India’s Bharti Airtel has reported falling profits for the three months ending June 2013, despite growing its revenues, due to foreign exchange losses and rising tax charges in Africa.
The operator reported net income of INR6.89 billion ($113 million), compared with INR7.62 billion this time last year, and saw revenues rise by 9.2%, to INR20.3 billion, over the same period.
Bharti (New Delhi, India) has continued to grow its customer base, adding another 3.7 million subscribers over the recent three-month period to give it nearly 275 million customers in total.
The revenue growth, however, was largely down to higher spending among Indian customers, with average revenue per user up to INR200 a month from INR184 this time last year.
Bharti attributed the increase to rising usage of voice services but the operator also flagged a 91.5% increase in data revenues in India, and growth of 65.8% in data revenues in Africa.
Investors responded positively to the news, sending Bharti’s share price on the Bombay Stock Exchange up by 5.8%, to INR339.65, during Wednesday morning trading, according to Bloomberg.
Another encouraging development was a $908 million reduction in net debt, leaving the operator with overall net debt of about $9.8 billion at the end of June 2013.
Bharti managed to raise about $1 billion by selling shares to Qatar Endowment Foundation and is considering divesting itself of shares in other holdings to further reduce its borrowings.

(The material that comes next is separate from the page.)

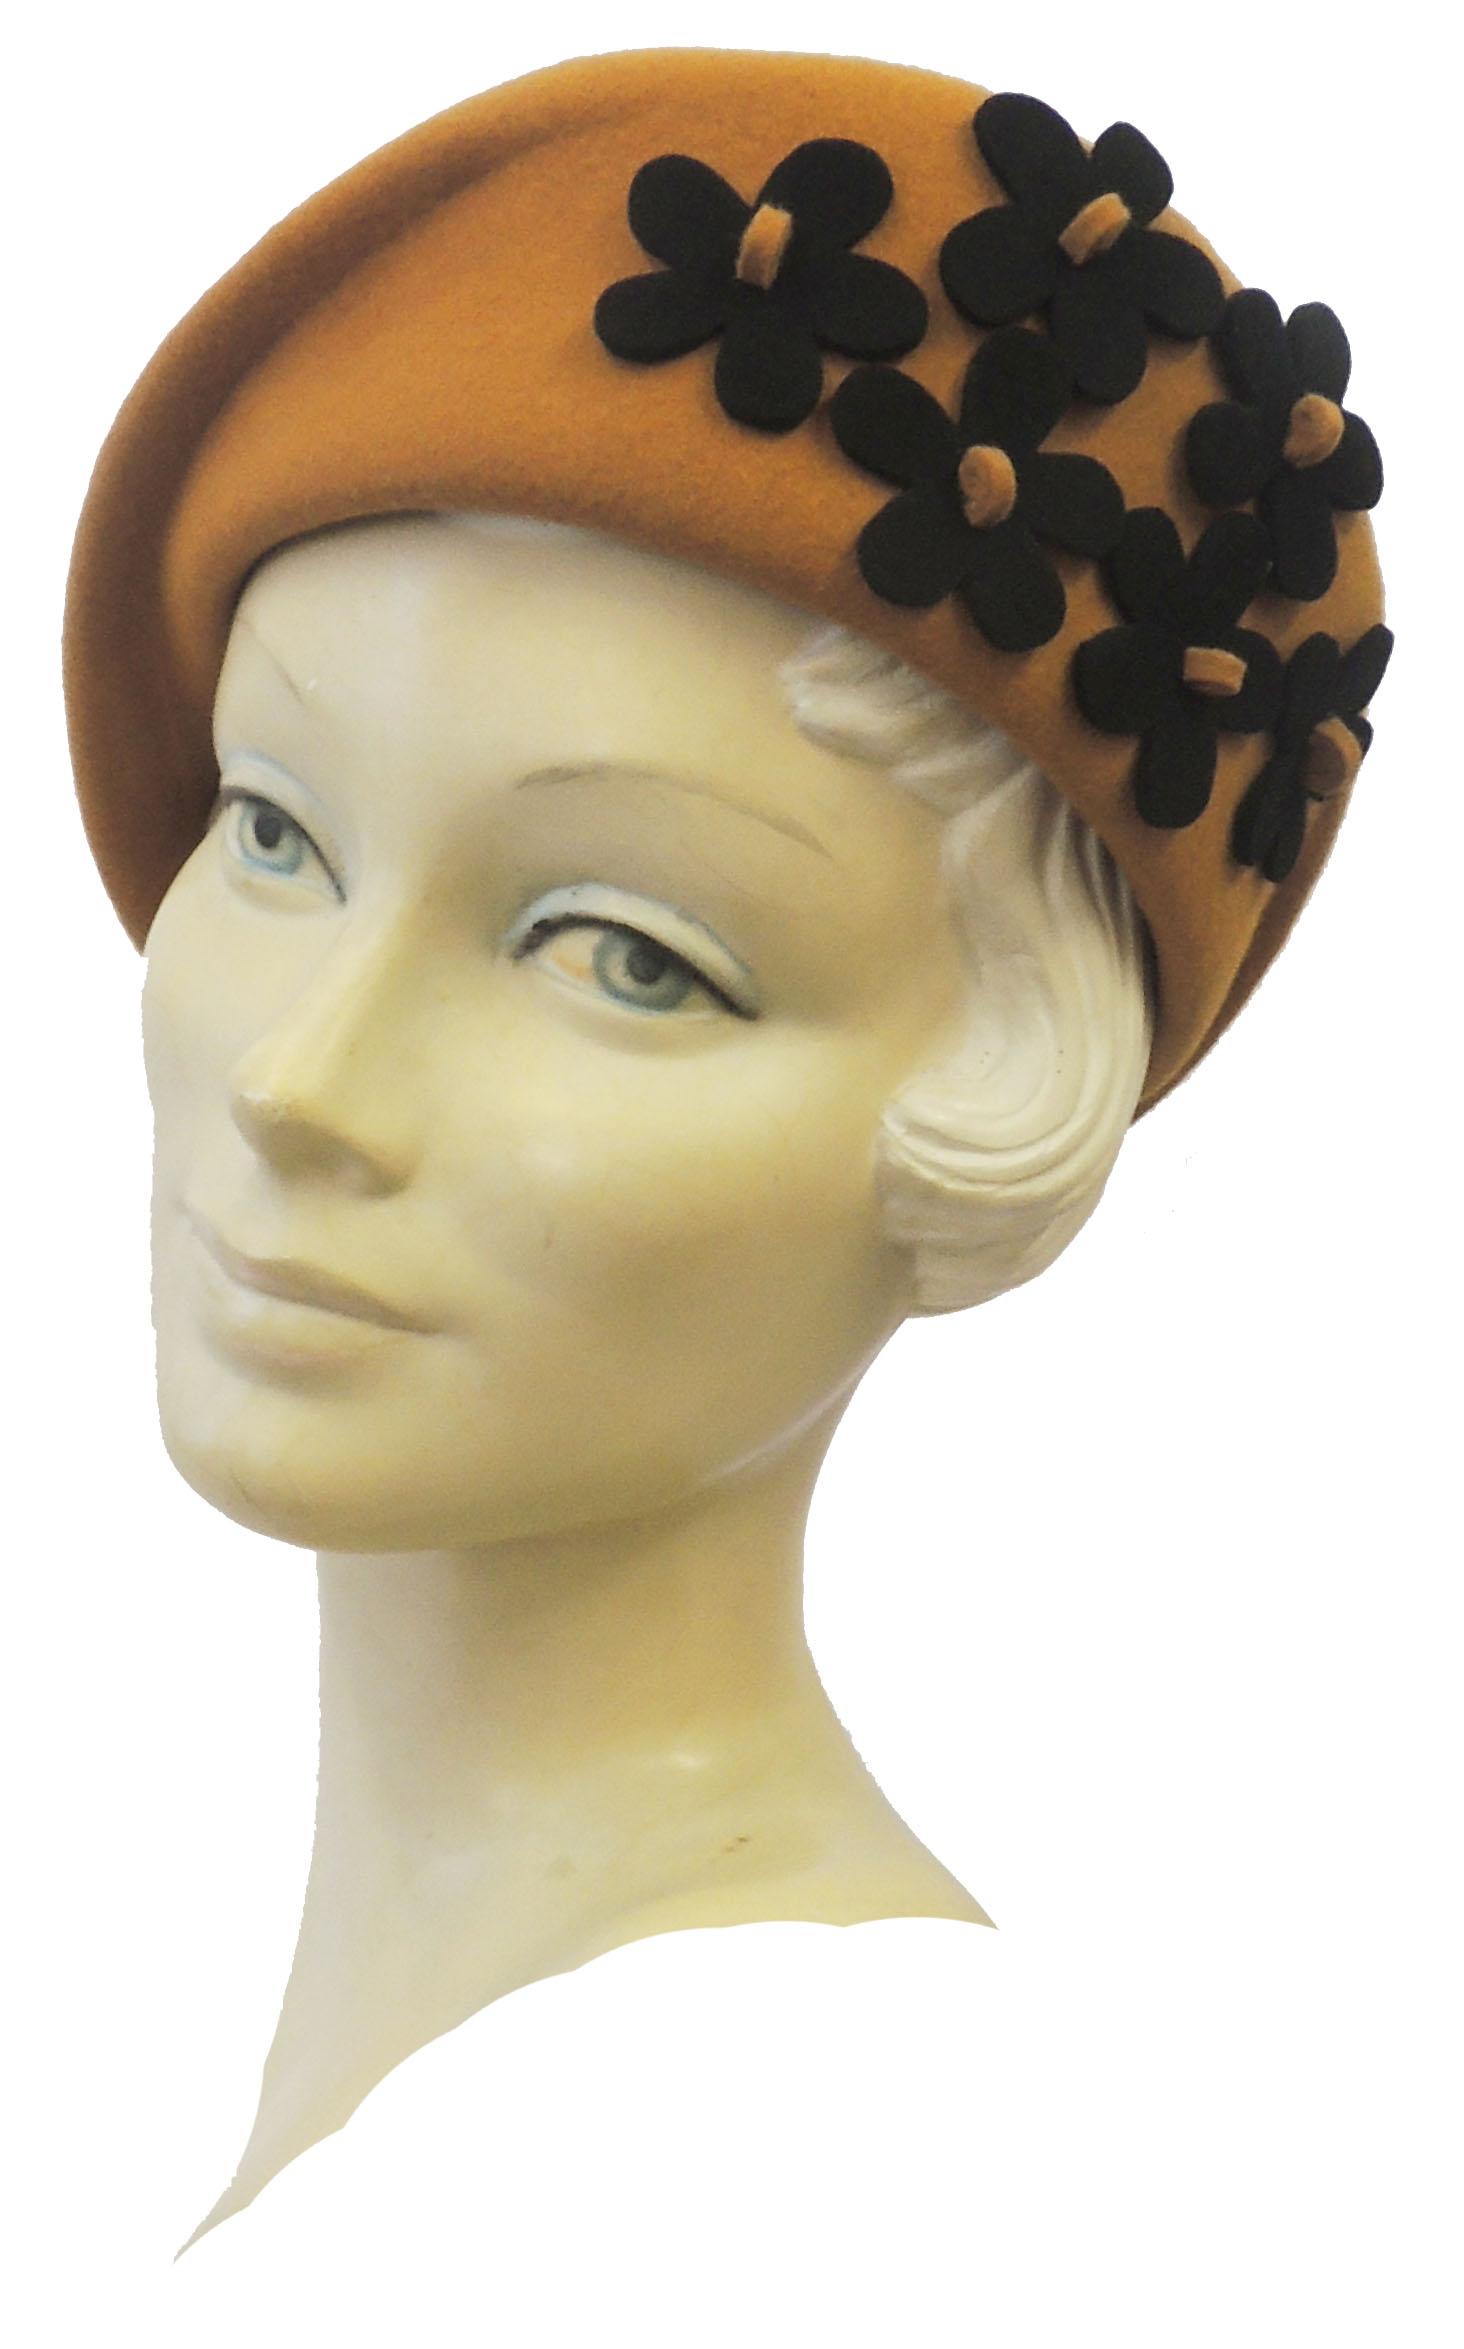 1940s Style Hats 1930's 40's Landgirl WW2 Wartime Felt Flower Cloche Hat $32.99 AT vintagedancer.com

Chairman Sunil Mittal welcomed the performance during the recent quarter while taking the opportunity to criticize regulation of the telecoms sector in India.
“Our results for the quarter reflect the overall stability of our operations, and demonstrate the potential for growth, particularly seeing robust data growth across all geographies,” he said. “Results for Airtel India reflect rationality returning to the sector which needs to be complemented by a more enabling regulatory environment for a deeper penetration of telecoms and broadband services.”